The Series Land Rover was introduced following World War II by the Rover Company, and - through various upgrades, face-lifts and model changes - remained in production until 1983, when it was re-named, re-badged and upgraded into the equally-iconic Defender.
The Series I was designed for off-road, agricultural and light-industrial use, utilising a steel box-section chassis and an aluminium body, due to the ongoing metal shortage following the end of the war.
In 1983 the Series 3 109 inch was replaced by a new One-Ten model (110-inch wheelbase).
The traditional Land Rover body shape remained but coil springs, introduced in the new Range Rover, replaced the venerable leaf spring suspension, and the four-cylinder engines were fitted with an all-synchromesh five speed gearbox.
In 1984 the coil spring Ninety (with a wheelbase just short of 93 inches) fitted with a four-cylinder engine was introduced.
In 1990 the Ninety and One-Ten range was renamed Defender 90, 110 and 130.
In 1998, the Defender was fitted with a 2.5-litre, five-cylinder in-line turbodiesel engine called the Td5.
Next, the engine was made more efficient, the ‘XS’ was introduced as the top-spec model and the ‘County’ level of enhanced trim became available across the range.

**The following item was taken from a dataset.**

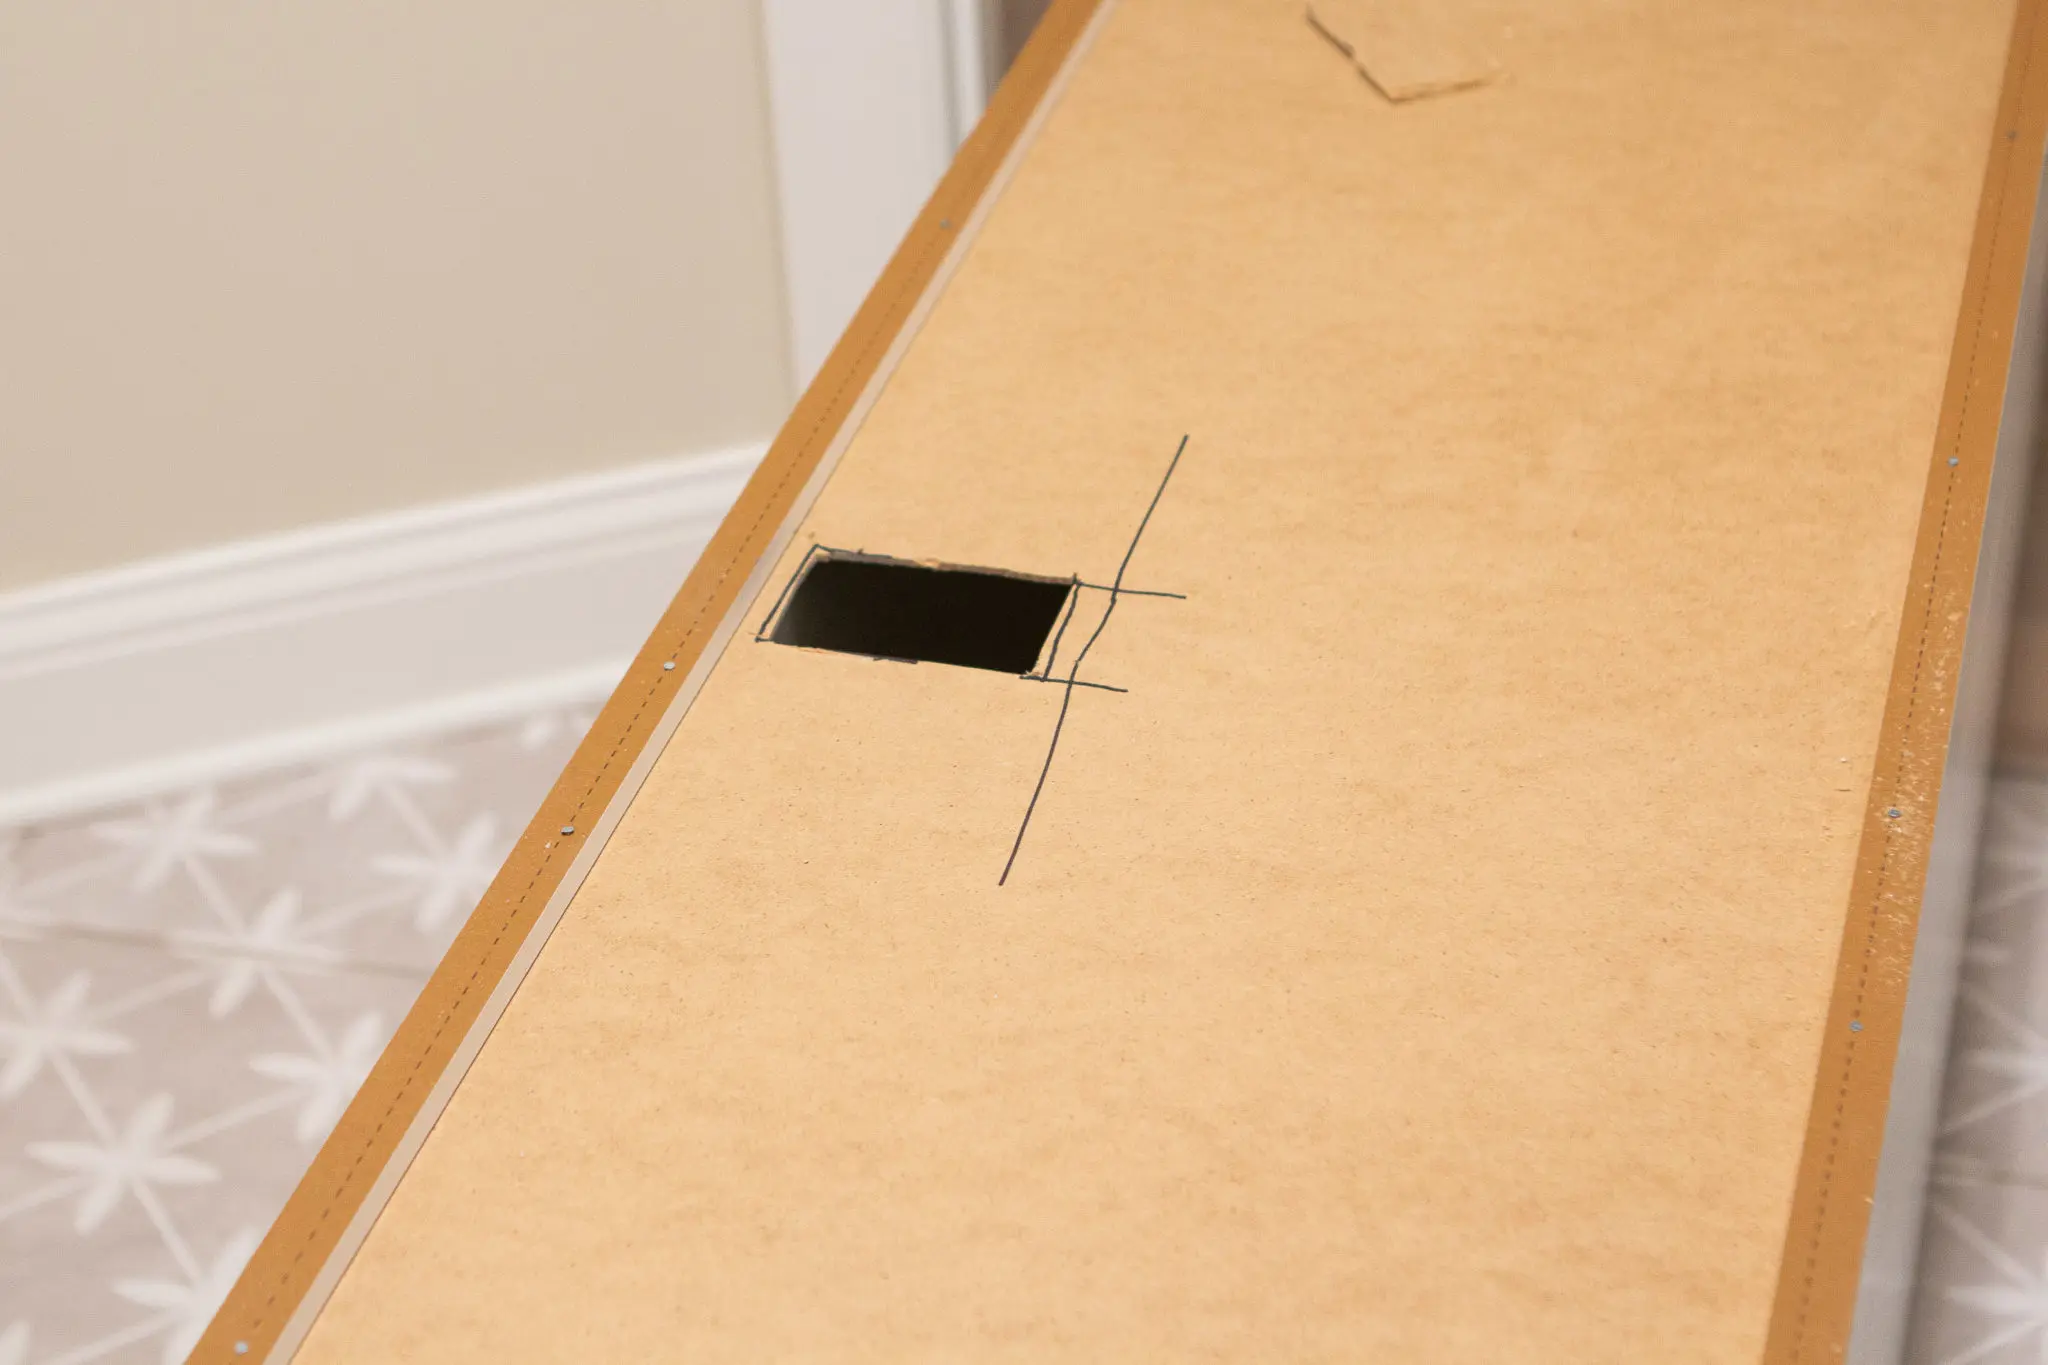 Cutting the back of IKEA kitchen cabinets for outlet

Perhaps uniquely, the Land Rover Defender is both classy and classless.
It can be deployed to ferry loads of floppy-haired Rupert's and Annabel's up and down the Kings Road, or it can haul half a dozen Herdwick sheep and a tonne of fence posts over rough terrain on a Lake District hill farm.
You can use it as a picnic venue while you’re stuffing yourself with quail eggs in the car park at Twickenham/Ascot/Henley.
Or you can make the most of its bullet-proof, bog-trotting, bush-bashing, river-fording capabilities and get yourself from Timbuktu to Ouagadougou quicker than a sand storm.
It’s whatever you want or need it to be.